Chapter 1

(1769 - 1785)

Childhood - Studies

 

August 15, 1769

Born in Ajaccio.  Corsica had been a French province since May 15, 1768.  Napoleon was the son of Charles Bonaparte (1746 - 1735) and Létizia Ramolino (1750 - 1836), the prettiest woman on the island, which was quite a claim. She was married in 1764, when she was not yet fourteen years old and brought thirteen children into the world, only eight of whom survived:

 

Joseph (1768 1844)

Napoléon (1769 1821)

Lucien (1775 1840)

Élisa (1777 - 1820)

Louis (1778 1846)

Pauline (1780 1825)

Caroline (1782 1839)

Jérôme (1784 1860)  

July 21, 1771

Baptized in the family home at Ajaccio, at the age of two.

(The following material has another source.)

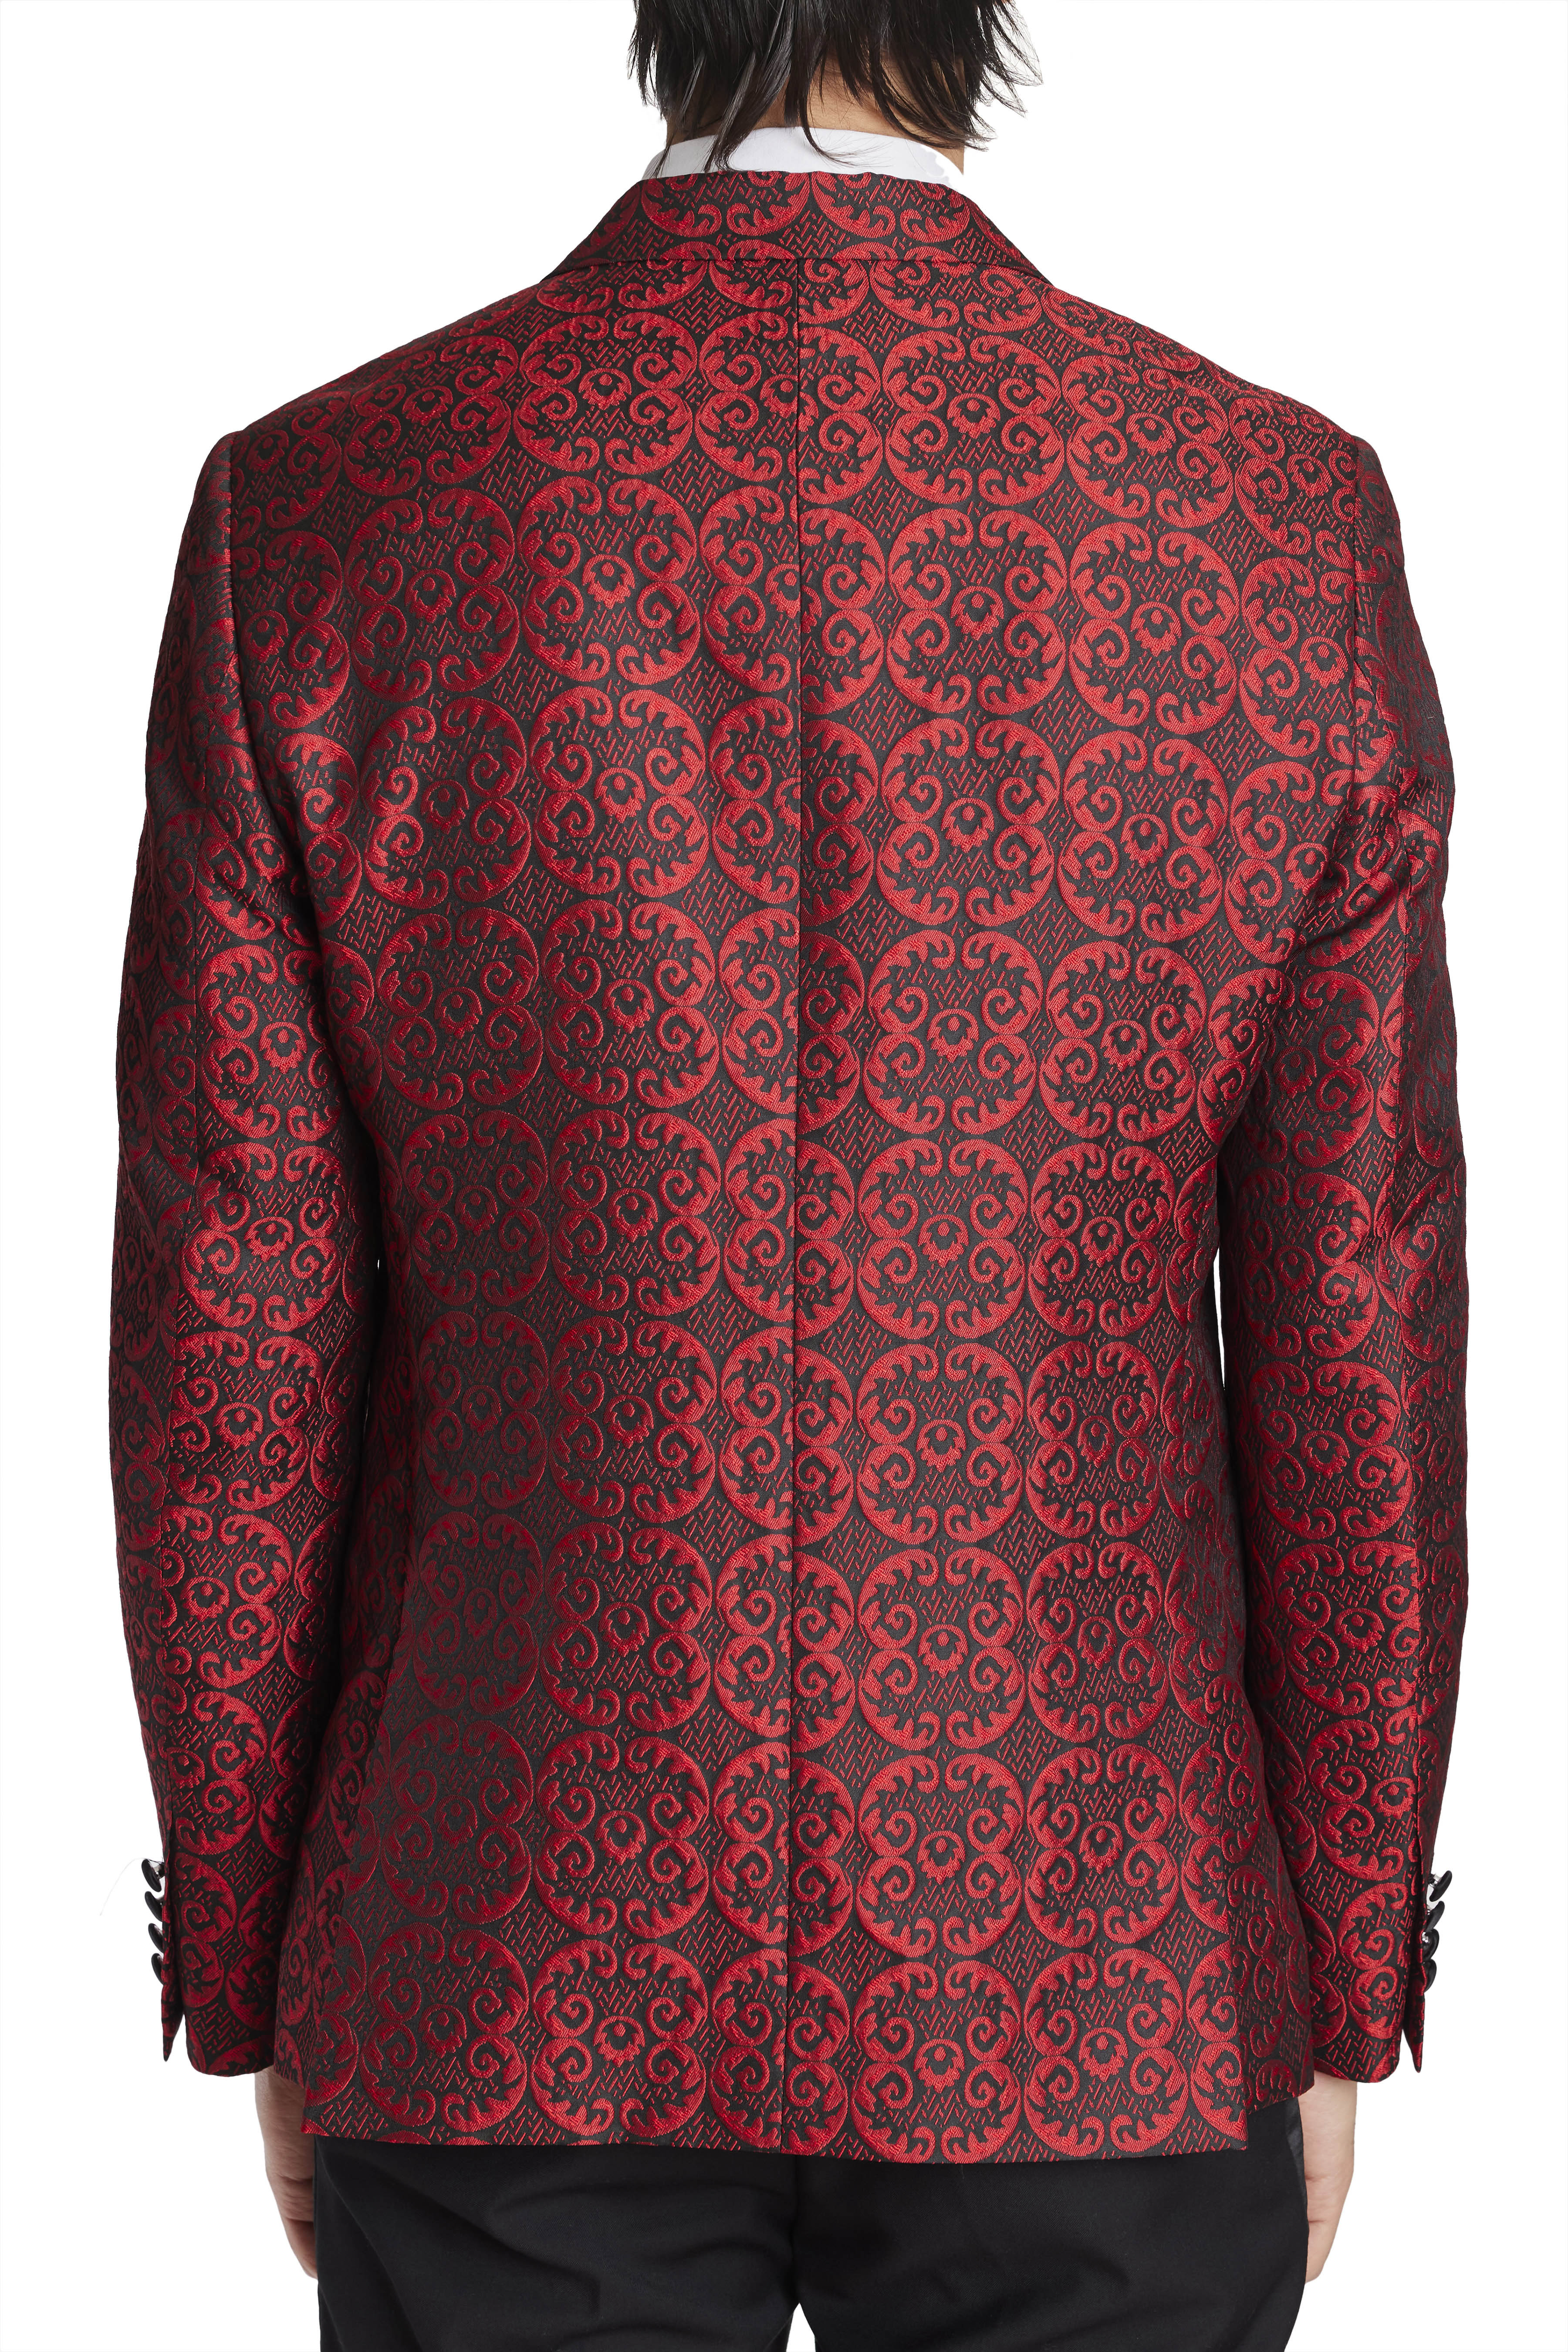 Osborne Notch Tux Jacket - slim - Red and Black

This was highly exceptional at that time; all other children in Ajaccio were baptized very soon after birth. Curiously, his godfather, Laurent Giubega de Calvi, state prosecutor for King Louis XV, had no family ties with either Bonaparte, or with Ramolino. Another strange fact was that the very powerful governor of Corsica, Charles Louis René de Marbeuf (1712 1786) travelled from Bastia specially to attend the ceremony.  On his four-day round trip on horseback through treacherous mountain passes, he faced the very real danger of being ambushed and killed by Paolists.  It is as though he had sensed the destiny that lay in store for the two-year old child, and considered that his duty as Governor, on behalf of King Louis XV, compelled him to endure tremendous fatigue and to take every risk in order to be present at his baptism.

 

This same Marquis de Marbeuf (the title decreed by Louis XVI) remained in Corsica until his death, on September 20, 1786, and saw that constant protection was granted to the entire Bonaparte family.  It was he who arranged for Napoleon to be accepted at the Royal Military School at Brienne.  Without him, there would have been no officer, no General and no Emperor.  It is thus fair to claim the noble Breton General, Louis Charles René de Marbeuf, who today is completely  forgotten, as the true father of the Empire. 

 

At Brienne: a snowball fight at recess

 

 

Charles Bonaparte, in his private diary on of January 1, 1981, testified to his gratitude to the Marquis: " I want the memory of Monsieur de Marbeuf, the benefactor of our home, always to be dear to my children and to their descendants." 

 

January 1, 1779

Arrival (at nine years old) at the Autun school, with his elder brother Joseph.  There, they would improve their French.

 

May 15, 1779

Entry into the Royal Military School at Brienne.  Between the ages of 9 and 15, Napoleon found himself in a harsh, sometimes hostile environment. His separation from his mother, whom he adored, caused him considerable suffering.  The other pupils at the school were from French aristocratic families and were arrogant and sometimes contemptuous towards the small, poor Corsican.  Napoleon would not permit himself to be defeated by adversity, however, and took refuge in his studies.  He was very strong in mathematics, and outside class he read every serious book he could get his hands on: Tacitus, Homer, Virgil, Plato, Caesar, Titus, Montaigne, Montesquieu, Corneille, Racine, Rousseau, Voltaire, and others.  He took notes on everything: "Reading without a pencil is just daydreaming," he declared.

 

It was the sum of these readings, combined with his exceptional intelligence, common sense and memory, that would one day place him head and shoulders above his friends, his rivals and his enemies.

 

October 17, 1784

Accepted into the Paris Military Academy.

 

A little after his arrival, Juigné, the Bishop of Paris, asked him half-jokingly where his first name, Napoleon, which did not appear in the calendar of saints, came from.  His reply was: " Monseigneur, you are well placed to know that there are far more saints in Heaven than days in the year."

 

October 28, 1785

In only one year, (the standard time was two years), Napoleon, won the epaulettes of artillery lieutenant. He joined the La Fère regiment in Valence. It was there that he adopted the practice, which was to characterize him all his life, of slipping his right hand between the two buttons of his waistcoat. This had been a distinctive sign of lieutenants of the regiment since 1785, as engravings of the time attest.

 

Napoleon was sixteen years old.  His apprenticeship as a leader was spent commanding men who were for the most part twice his age.